7. The virtual pumped-storage coordinated control method for a cascade hydro-wind-solar-storage complementary system according to claim 1, characterized in that, Before controlling the charging and discharging of the energy storage device based on the second imbalance, the method further includes: The annual second imbalance data is clustered by typical days. The energy storage capacity is determined based on the standard deviation of the second imbalance fluctuation within the typical day. A 24-hour second imbalance reduction ratio template is extracted for each typical day. Based on the template of the second imbalance reduction ratio of the typical category of each day within the year and the actual second imbalance of each day, the energy storage charging and discharging power is generated hourly. The energy storage charging and discharging power is adjusted for operational constraints to obtain the annual energy storage regulation power sequence.

8. The virtual pumping and storage coordinated control method for a cascade hydro-wind-solar-storage complementary system according to claim 1, characterized in that, After obtaining the final total output of the system, the method further includes: A multi-objective collaborative optimization model is constructed with the goals of maximizing power generation, optimizing power quality, and minimizing the pressure of water-storage coordinated regulation, and operational constraints including installed capacity, outflow, reservoir capacity, and battery state of charge are incorporated.
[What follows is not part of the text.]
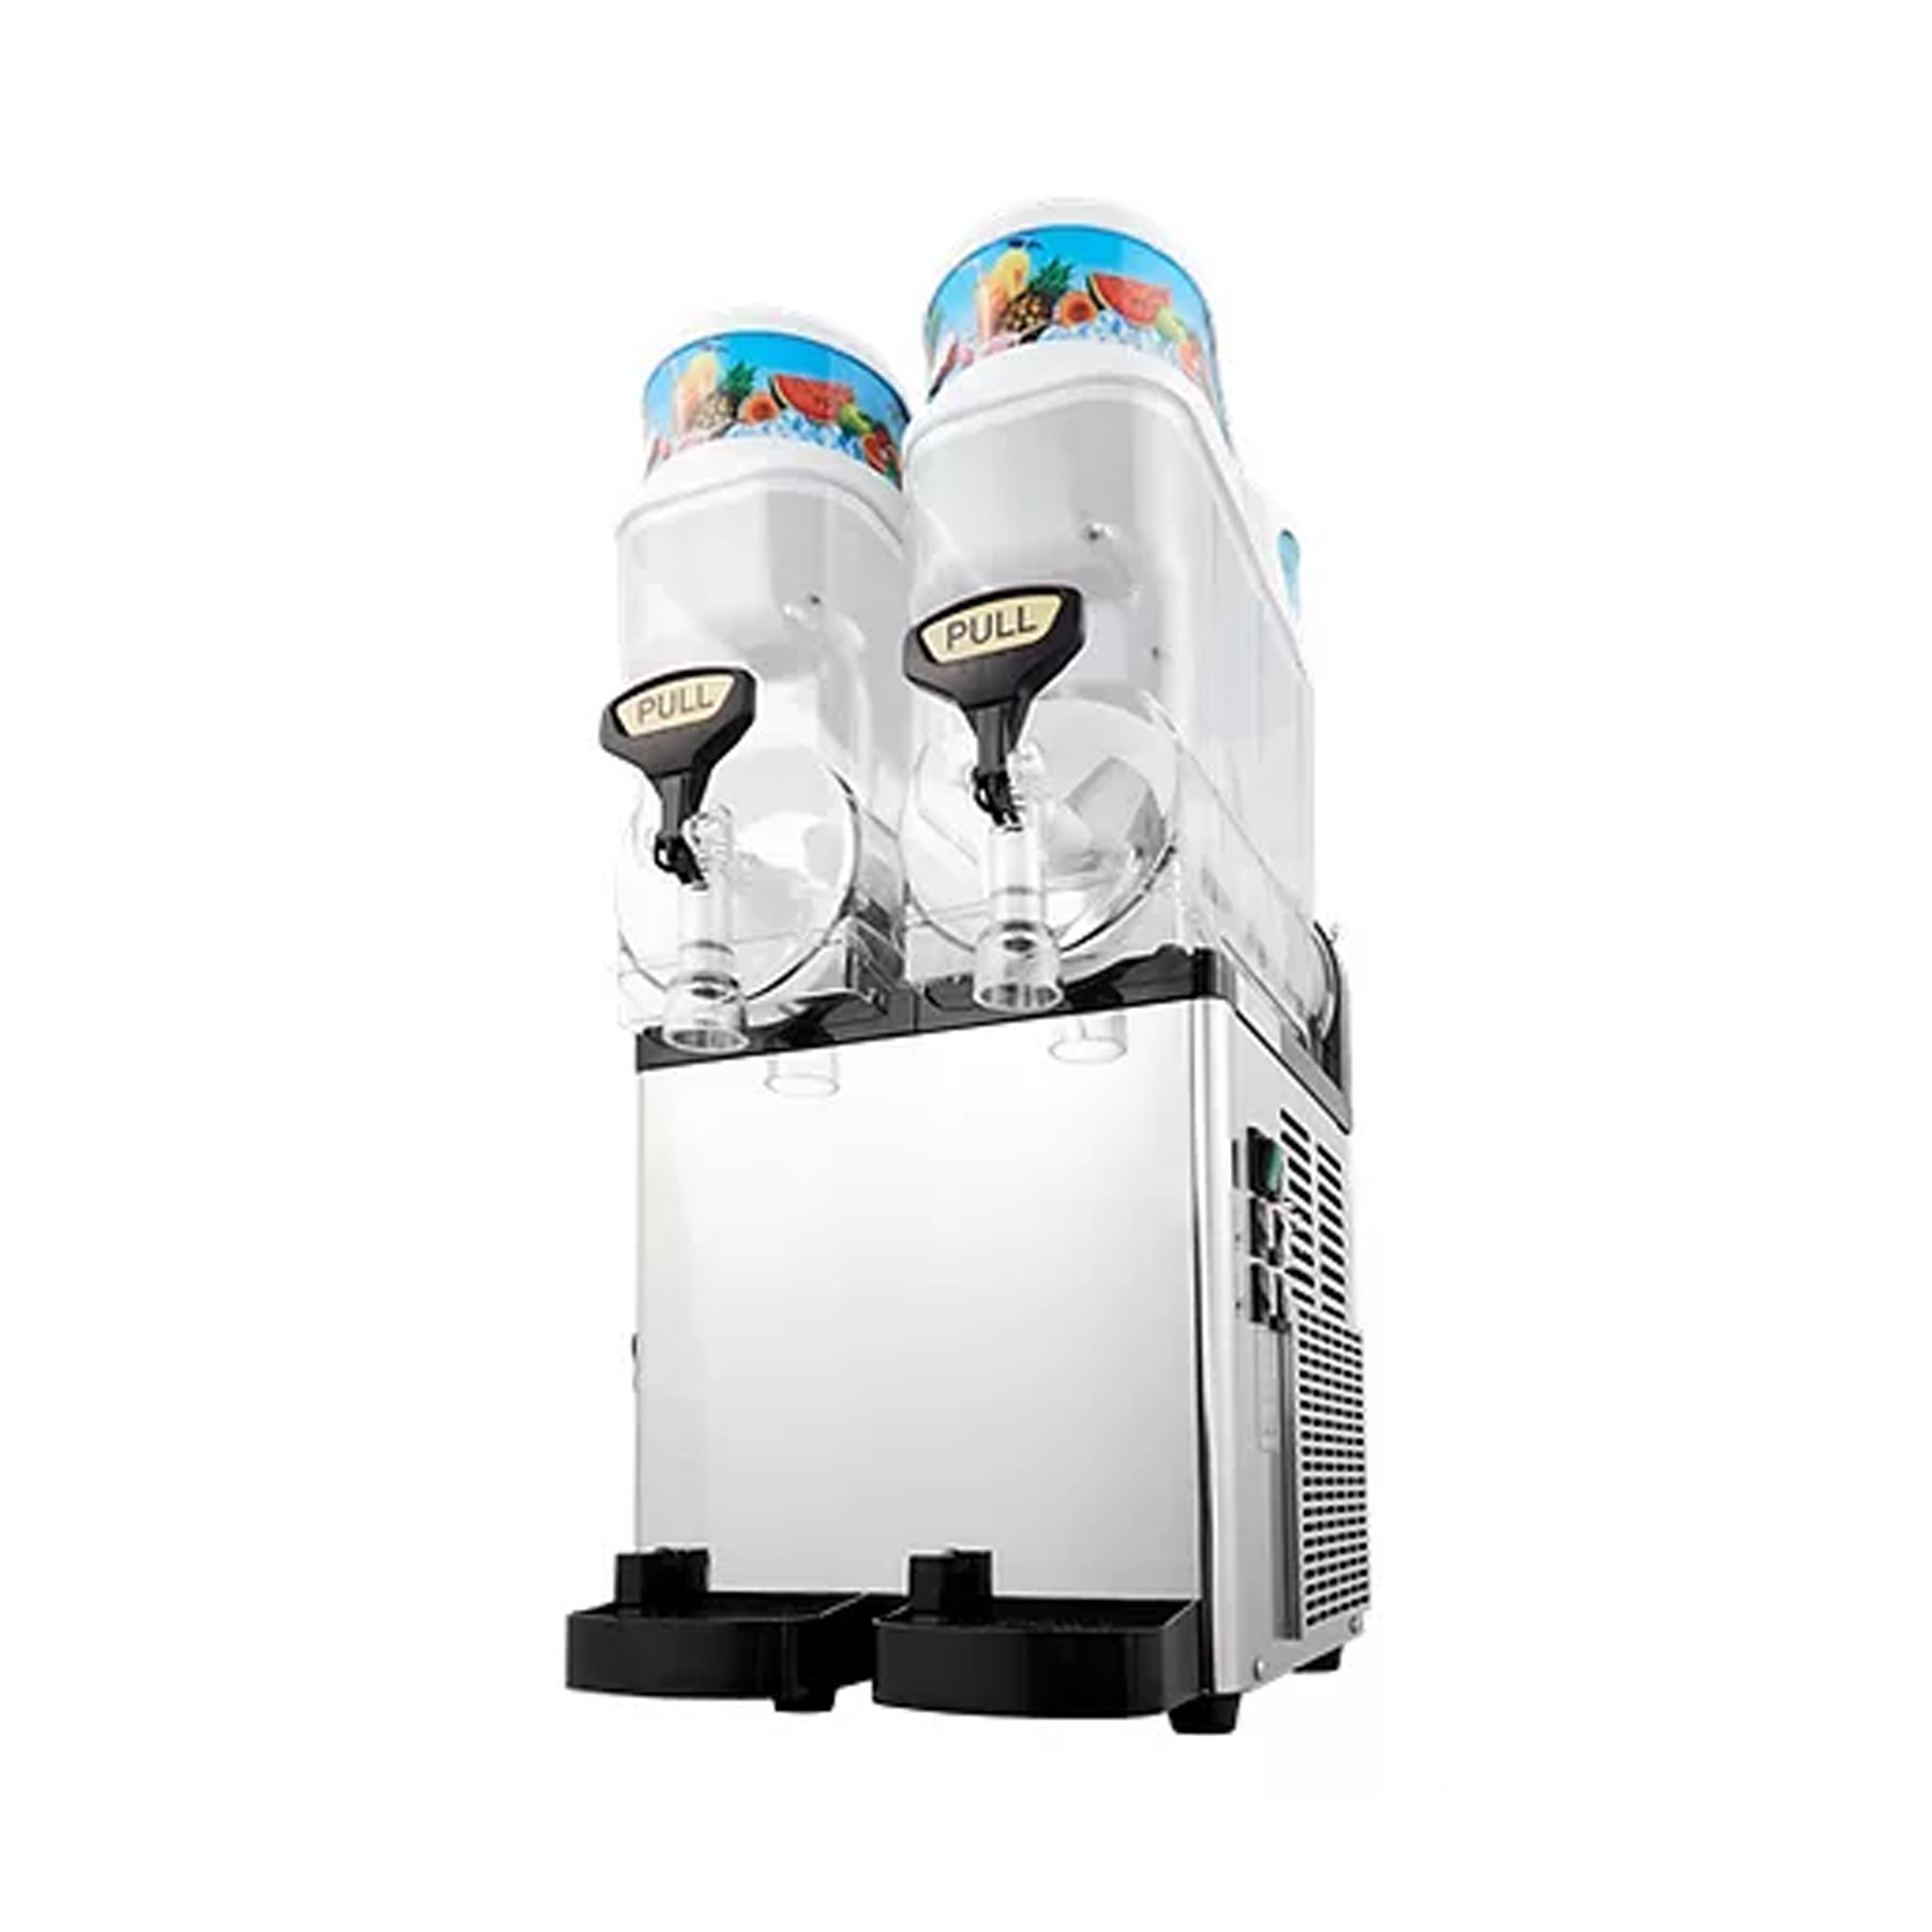 Icetro - SSM-280, Commercial Double 3.2 Gallon Granita Slushy Frozen Margarita Beverage Machine

The multi-objective cooperative optimization model is solved using a multi-objective optimization algorithm to obtain a Pareto optimal solution set. The optimal cooperative control scheme is then selected from the Pareto optimal solution set using a comprehensive evaluation method.

9. The method according to claim 8, characterized in that, The multi-objective optimization algorithm includes NSGA-II, and the comprehensive evaluation method includes CRITIC-TOPSIS.

10. A virtual pumped-storage coordinated control device for a cascade hydro-wind-solar-storage complementary system, characterized in that, The device includes a calculation module, a decomposition module, a partitioning module, a processing module, and a reconstruction module; The calculation module is used to acquire system input data and calculate the original total output including wind power output, photovoltaic power output and runoff hydropower output. The decomposition module is used to perform empirical mode decomposition on the original total output to obtain fluctuation components and residual components of different frequencies. The division module is used to divide the fluctuation component into a first imbalance, a second imbalance, and a smooth component based on frequency characteristics; wherein the smooth component is not subjected to smoothing processing. The processing module is used to perform virtual pumping and storage regulation on the cascade hydropower based on the first imbalance, so as to obtain the regulated hydropower output. The processing module is also used to control the charging and discharging of the energy storage device based on the second imbalance to obtain the energy storage regulation power; The reconfiguration module is used to reconfigure the adjusted hydropower output and energy storage regulation power to obtain the final total output of the system.